If other people love it, then that, my friends, is serendipity. Moving on.
    Regardless of all the rejections on Kentucky Moon, I find the strength to move
on. So I write my second novel, Catahoula. The same events come into fruition.
I send my letters to agents, and the same barrage of "no thank yous" and
"sorrys" beat me about the face and head all over again....I pretty much expect
it, but hope is always in the back of your mind. ( insert exaggerated sigh here )
    After this point I pretty much leave the whole agent pursuing thing be. It
just keeps getting more and more hopeless. The worst thing about agent
representation is, that even if an agent decides to take you on, there is no
guarantee you will even get published. The agent essentially is your middle
man that gets your manuscript under the eyes of the publishers. So your agent
may not even be able to convince anyone to publish it...wow. By now you can
surely see the reason for my disgust with it all. And if you are , or ever have
been, a struggling writer, you already know all about this. I can't even get my
foot on the first rung of the ladder in the publishing process. The dreams of
seeing my book on a shelf wane into obscurity.
    So what now? I stick to what I know...I keep writing. I start in on my third novel entitled Kamakazo. I just write away with nary a thought about the publishing process anymore. I guess I just felt like putting it out of my mind completely. Writing was all that mattered now.

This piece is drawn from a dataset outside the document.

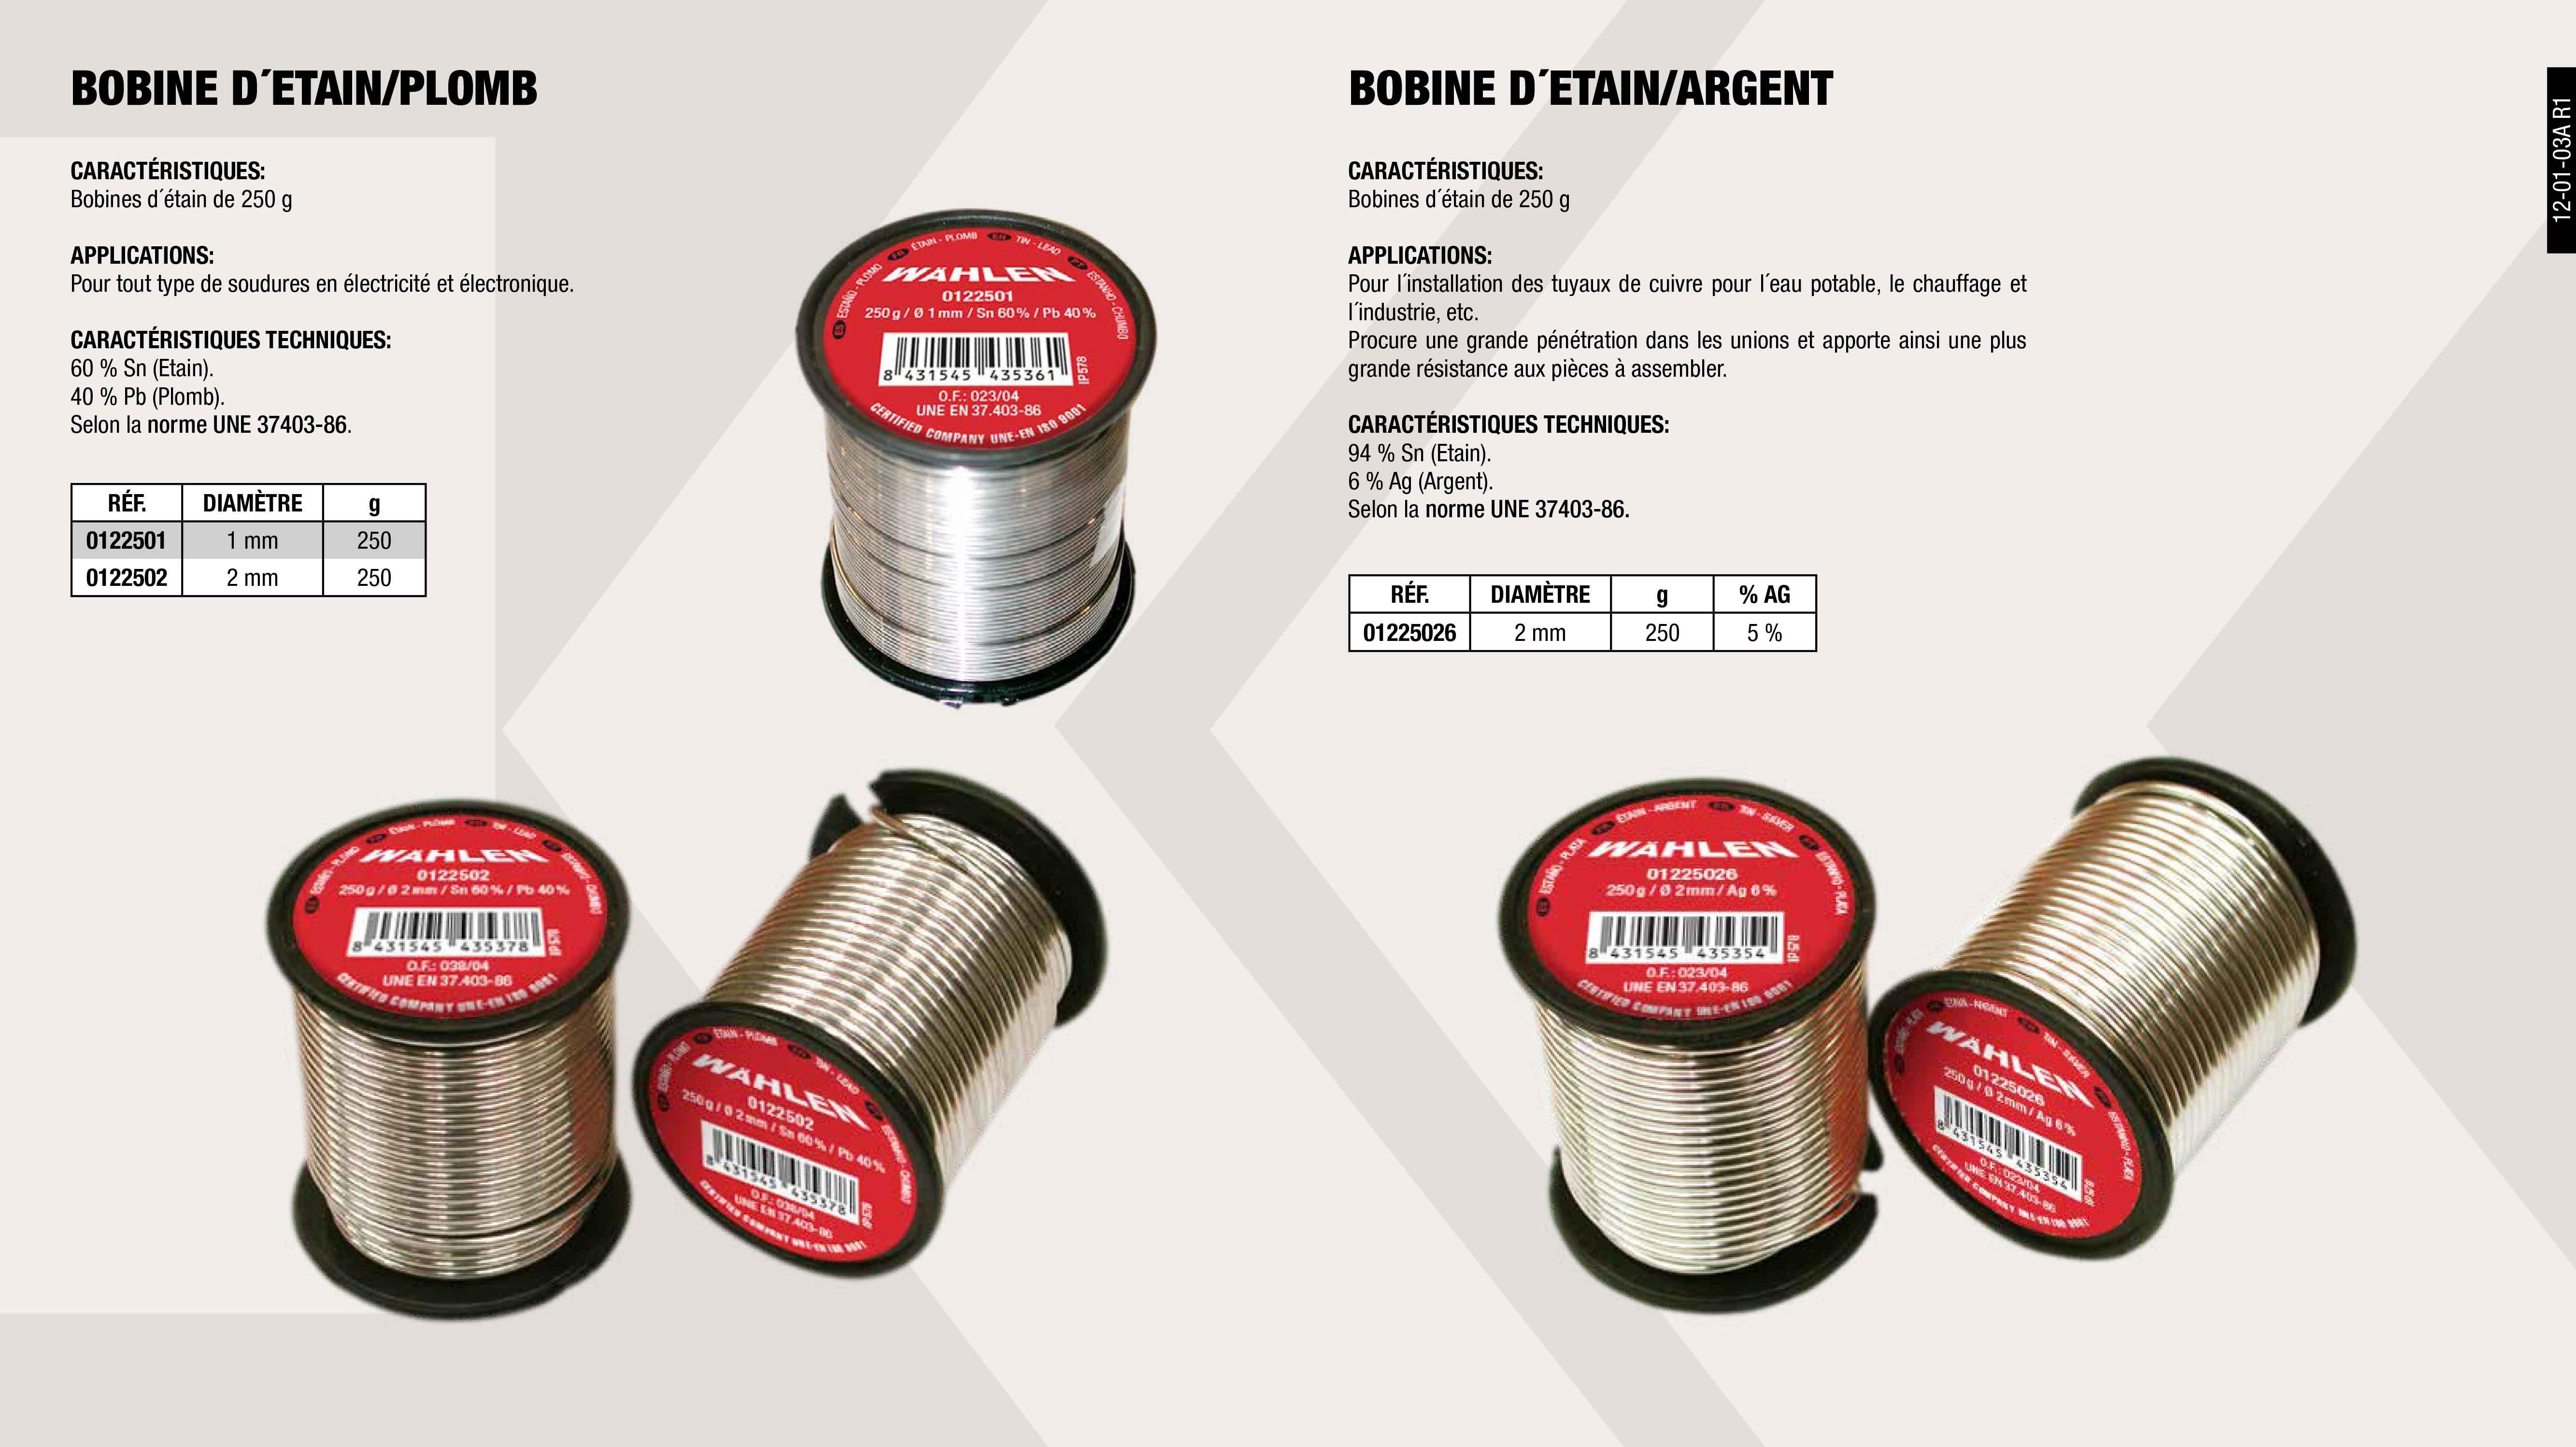 BOBINE ETAIN/ARGENT 250 GR 2 MM                             ,  BOBINE ETAIN/PLOMB 250 GR 2 MM                              ,  BOBINE ETAIN/PLOMB 250 GR 1 MM                              ,
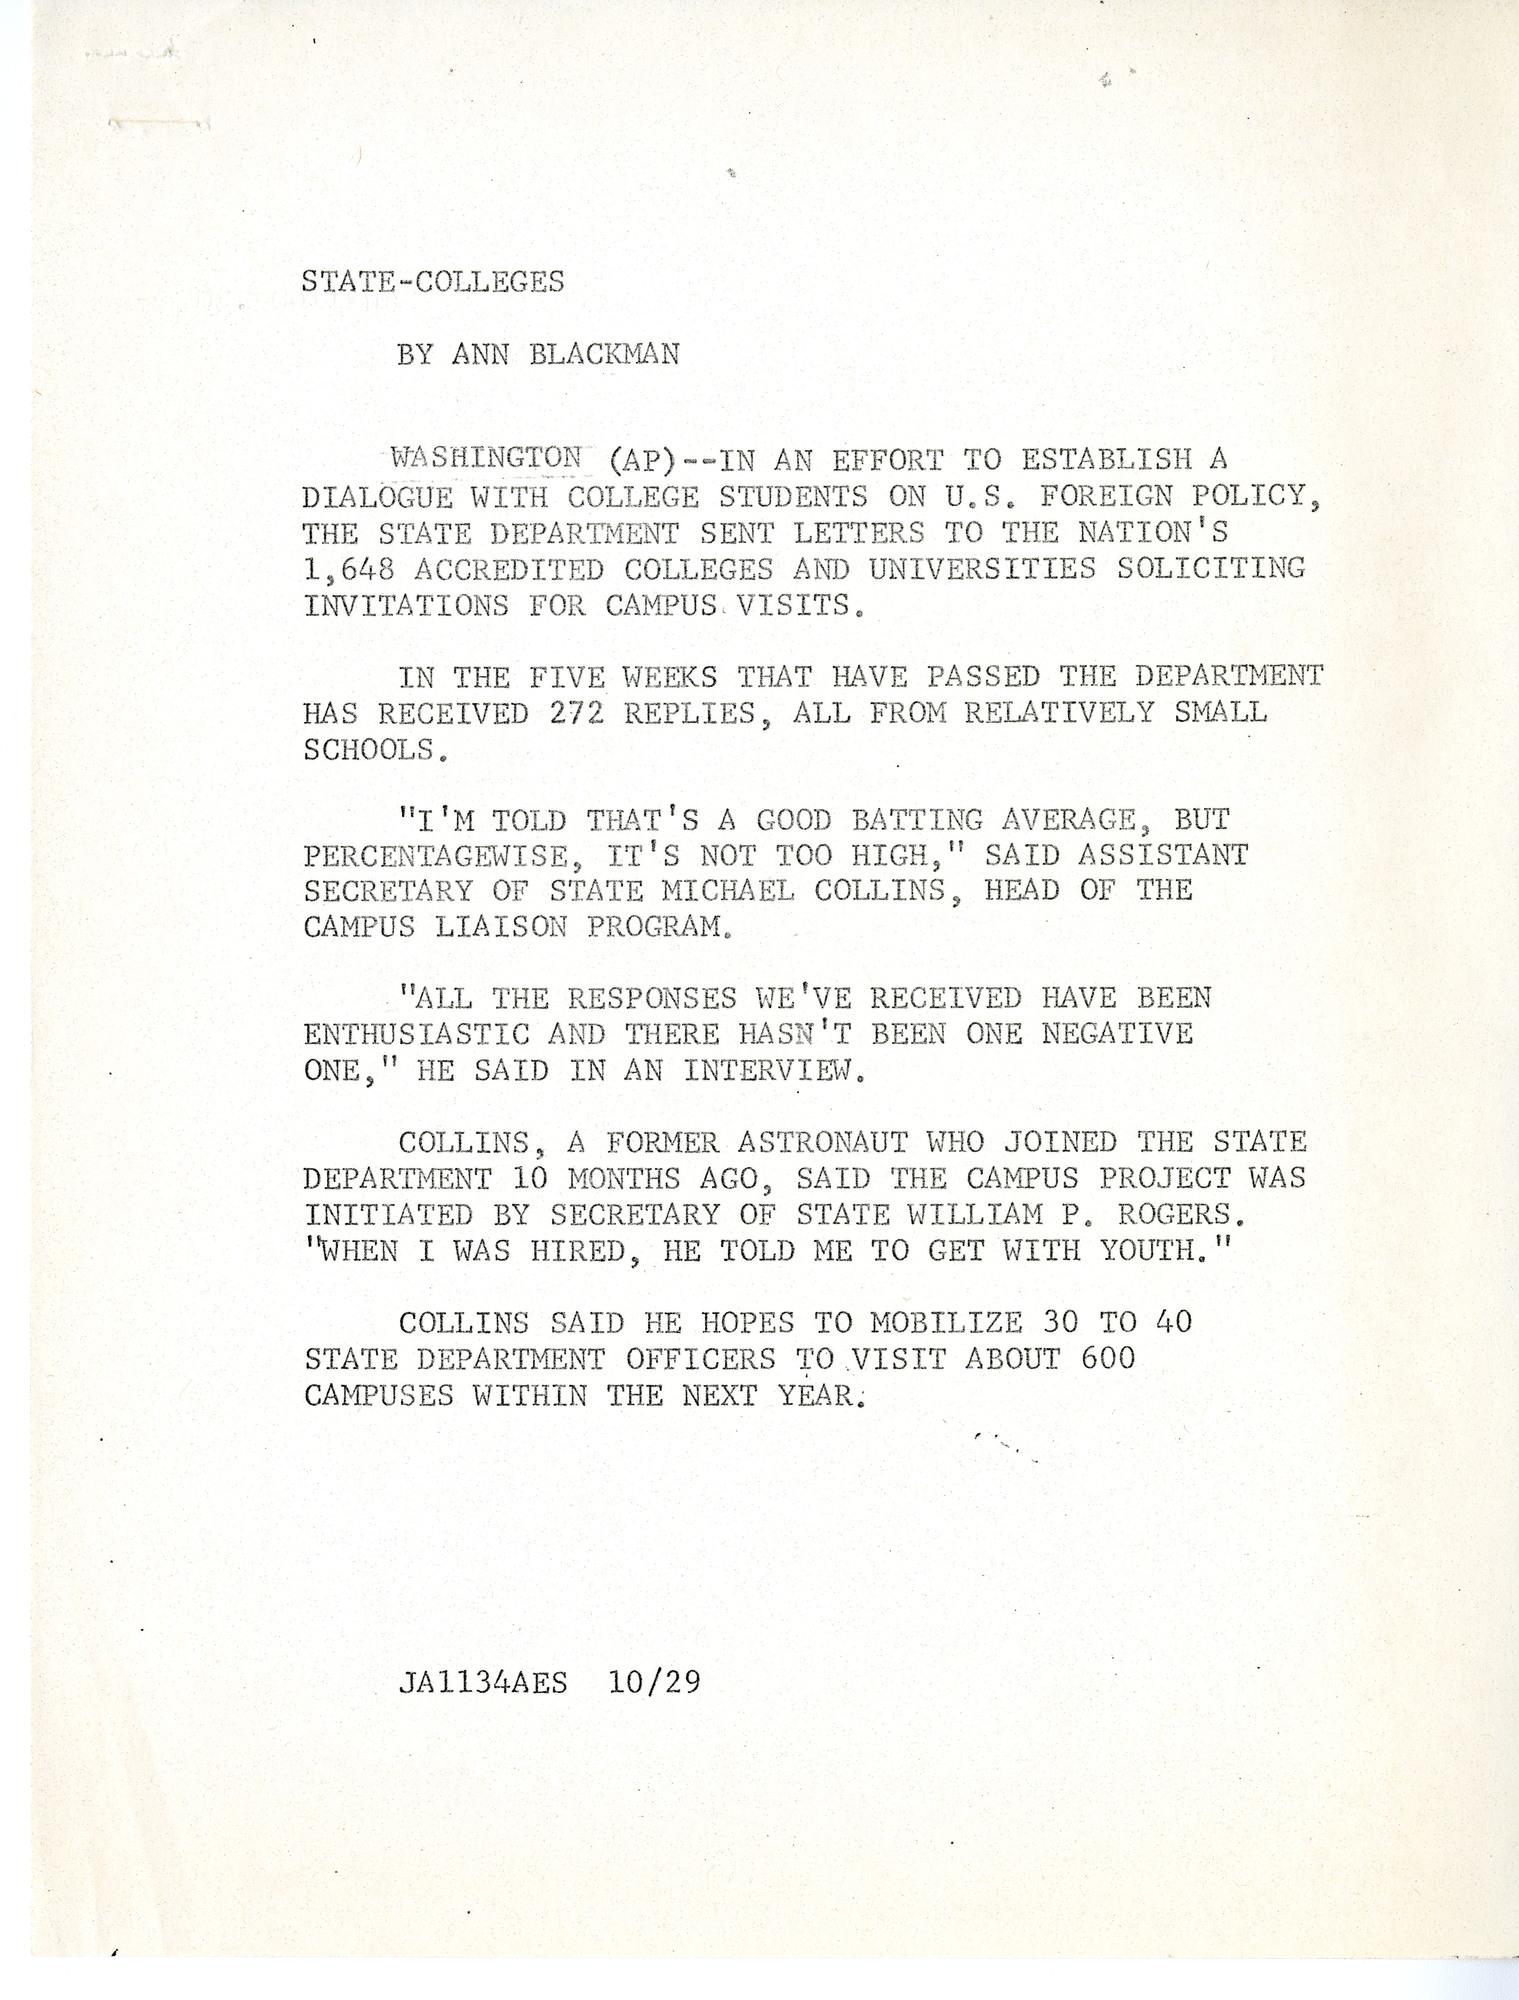 http://spec.lib.vt.edu/pickup/Omeka_upload/Ms1989-029_B18_F1_MichaelCollins_Article_1970_1029.jpg

If something came up in the meantime to help me achieve this
seemingly unattainable goal, then so be it. Fortunately for me, and many other
indie authors, that something came....the popularization of the ebook.
    I remember an article catching my eye, probably some 2 years ago, about a woman
selling over 400,000 copies of her ebook on Amazon. As I read the article I
could feel that old desire and hope come flooding back into my veins. "You can
upload and publish your own books now? Right on the internet?! Sign me up!"
    And so it came, the great fall of publishing juggernauts. No longer would us tiny
authors go unheard, or have to jump through the loopholes of pretentious and
judgmental establishments who would rather wipe their behinds with our books
then read them...And every man and women, whose written words went unread, rejoiced in the dawning of the age of digital, self-publishing.
    And, just like that, I was a published author. But a long, hard road still lies ahead, the road of self-promotion ( a topic I am sure I will blog about soon enough) And yes, many
people will still look down on me, and still think I am "no one" simply because I
am not in REAL print. But let them look down...my books are out there for people
to enjoy (and hate) and that's all that matters to me.